Let's see what happens when we increase don't restrict our vocabulary
cv = CountVectorizer()
X_t_vec = cv.fit_transform(X_t)
X_t_vec = pd.DataFrame.sparse.from_spmatrix(X_t_vec)
X_t_vec.columns = sorted(cv.vocabulary_)
X_t_vec.set_index(y_t.index, inplace=True)
X_val_vec = cv.transform(X_val)
X_val_vec = pd.DataFrame.sparse.from_spmatrix(X_val_vec)
X_val_vec.columns = sorted(cv.vocabulary_)
X_val_vec.set_index(y_val.index, inplace=True)
mnb = MultinomialNB()
mnb.fit(X_t_vec, y_t)
y_hat = mnb.predict(X_val_vec)
confusion_matrix(y_val, y_hat)
array([[96, 3],
[ 4, 85]])
Wow! Look how well that performed.
precision_score(y_val, y_hat)
0.9659090909090909
len(cv.vocabulary_)
14819
Let's see whether or not we can maintain that level of accuracy with less words.
cv = CountVectorizer(min_df=.05, max_df=.95)
X_t_vec = cv.fit_transform(X_t)
X_t_vec = pd.DataFrame.sparse.from_spmatrix(X_t_vec)
X_t_vec.columns = sorted(cv.vocabulary_)
X_t_vec.set_index(y_t.index, inplace=True)
X_val_vec = cv.transform(X_val)
X_val_vec = pd.DataFrame.sparse.from_spmatrix(X_val_vec)
X_val_vec.columns = sorted(cv.vocabulary_)
X_val_vec.set_index(y_val.index, inplace=True)
mnb = MultinomialNB()
mnb.fit(X_t_vec, y_t)
y_hat = mnb.predict(X_val_vec)
precision_score(y_val, y_hat)
0.9431818181818182
len(cv.vocabulary_)
650
# Now let's see what happens with TF-IDF
from sklearn.feature_extraction.text import TfidfVectorizer
tfidf = TfidfVectorizer()
X_t_vec = tfidf.fit_transform(X_t)
X_t_vec = pd.DataFrame.sparse.from_spmatrix(X_t_vec)
X_t_vec.columns = sorted(tfidf.vocabulary_)
X_t_vec.set_index(y_t.index, inplace=True)
X_val_vec = tfidf.transform(X_val)
X_val_vec = pd.DataFrame.sparse.from_spmatrix(X_val_vec)
X_val_vec.columns = sorted(tfidf.vocabulary_)
X_val_vec.set_index(y_val.index, inplace=True)
mnb = MultinomialNB()
mnb.fit(X_t_vec, y_t)
y_hat = mnb.predict(X_val_vec)
precision_score(y_val, y_hat)
0.9444444444444444
TFIDF does not necessarily perform better than CV. It is just a tool in our toolbelt which we can try out and compare the performance.
len(tfidf.vocabulary_)
14819
from sklearn.feature_extraction.text import TfidfVectorizer
tfidf = TfidfVectorizer(min_df=.05, max_df=.95)
X_t_vec = tfidf.fit_transform(X_t)
X_t_vec = pd.DataFrame.sparse.from_spmatrix(X_t_vec)
X_t_vec.columns = sorted(tfidf.vocabulary_)
X_t_vec.set_index(y_t.index, inplace=True)
X_val_vec = tfidf.transform(X_val)
X_val_vec = pd.DataFrame.sparse.from_spmatrix(X_val_vec)

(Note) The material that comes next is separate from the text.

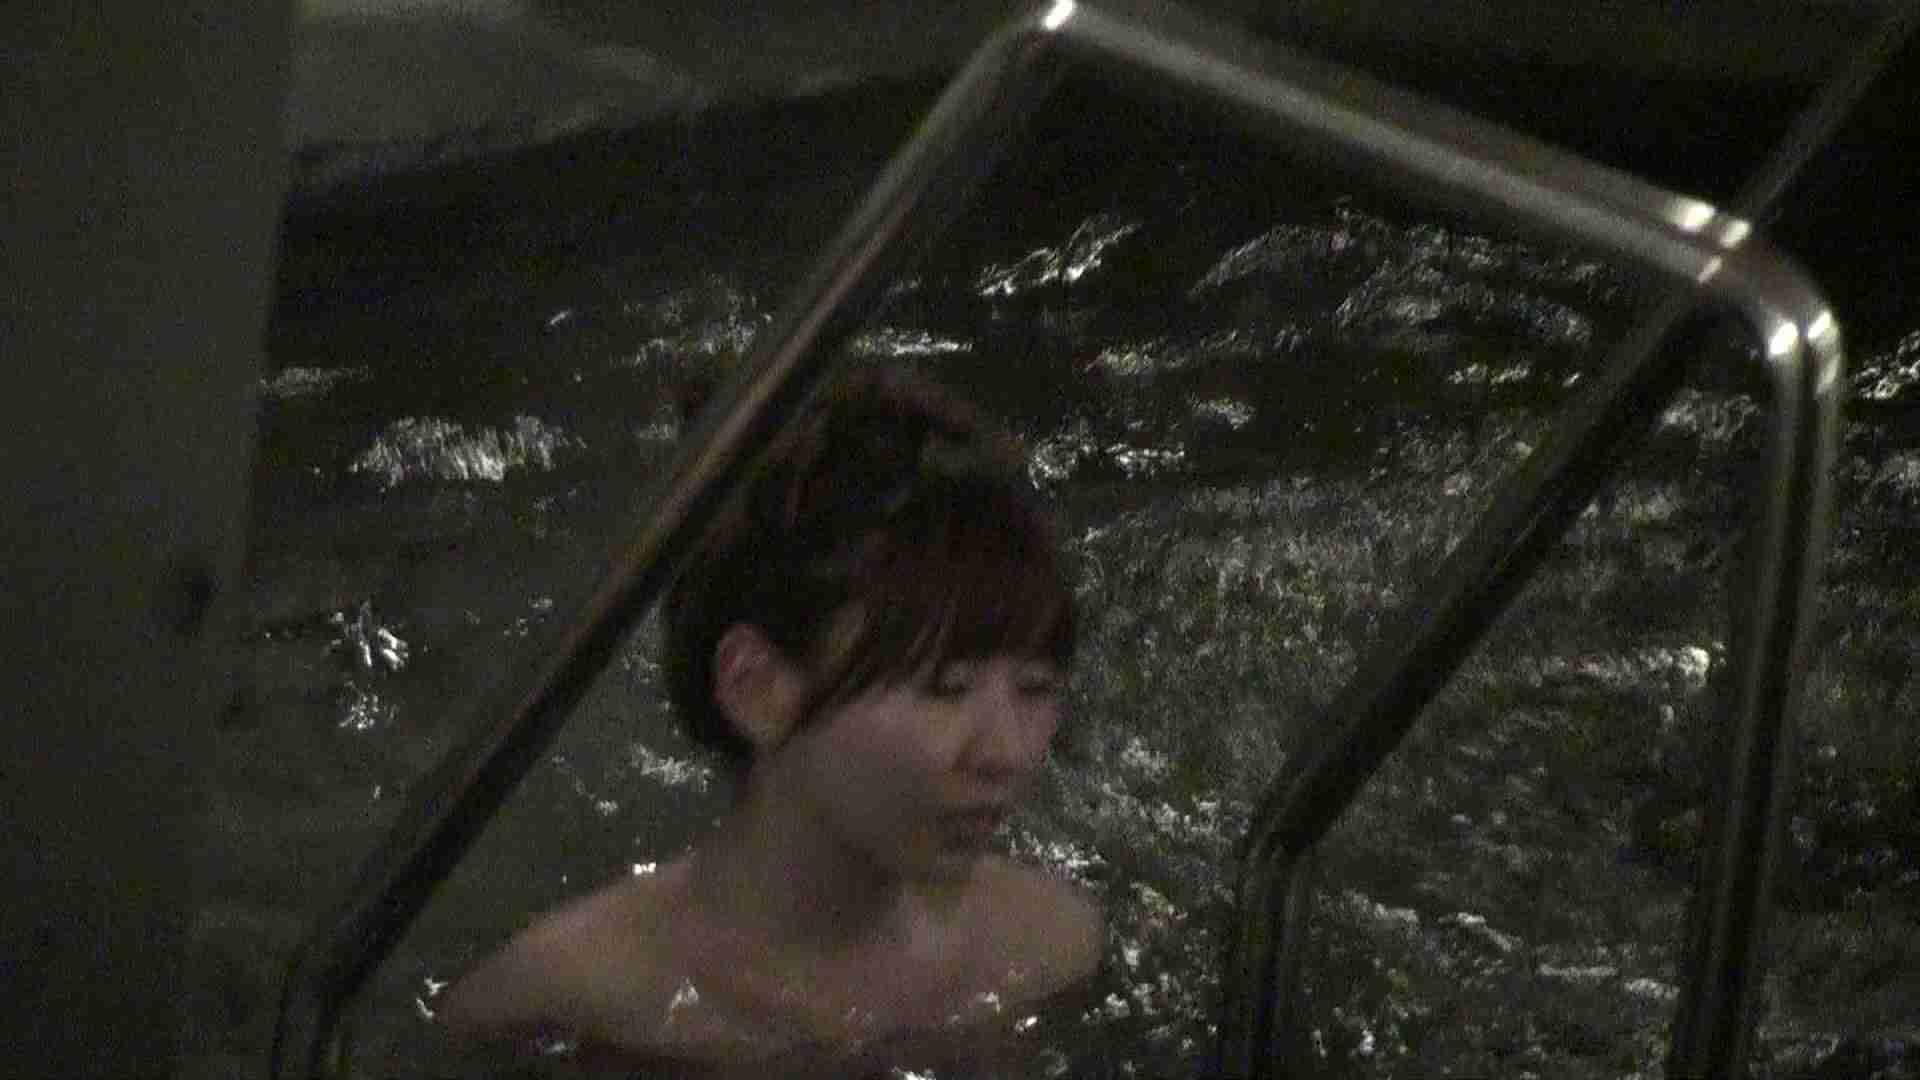 Aquaな露天風呂Vol.410 露天風呂編  94PIX 82

X_val_vec.columns = sorted(tfidf.vocabulary_)
X_val_vec.set_index(y_val.index, inplace=True)
mnb = MultinomialNB()
mnb.fit(X_t_vec, y_t)
y_hat = mnb.predict(X_val_vec)
precision_score(y_val, y_hat)
0.9651162790697675
len(tfidf.vocabulary_)
650
Let's compare MNB to one of our classifiers that has a track record of high performance, Random Forest.
from sklearn.ensemble import RandomForestClassifier
rf = RandomForestClassifier(n_estimators=1000, max_features=5, max_depth=5)
rf.fit(X_t_vec, y_t)
y_hat = rf.predict(X_val_vec)
precision_score(y_val, y_hat)
Both random forest and mnb perform comparably, however, mnb is lightweight as far as computational power and speed. For real time predictions, we may choose MNB over random forest because the classifications can be performed quickly.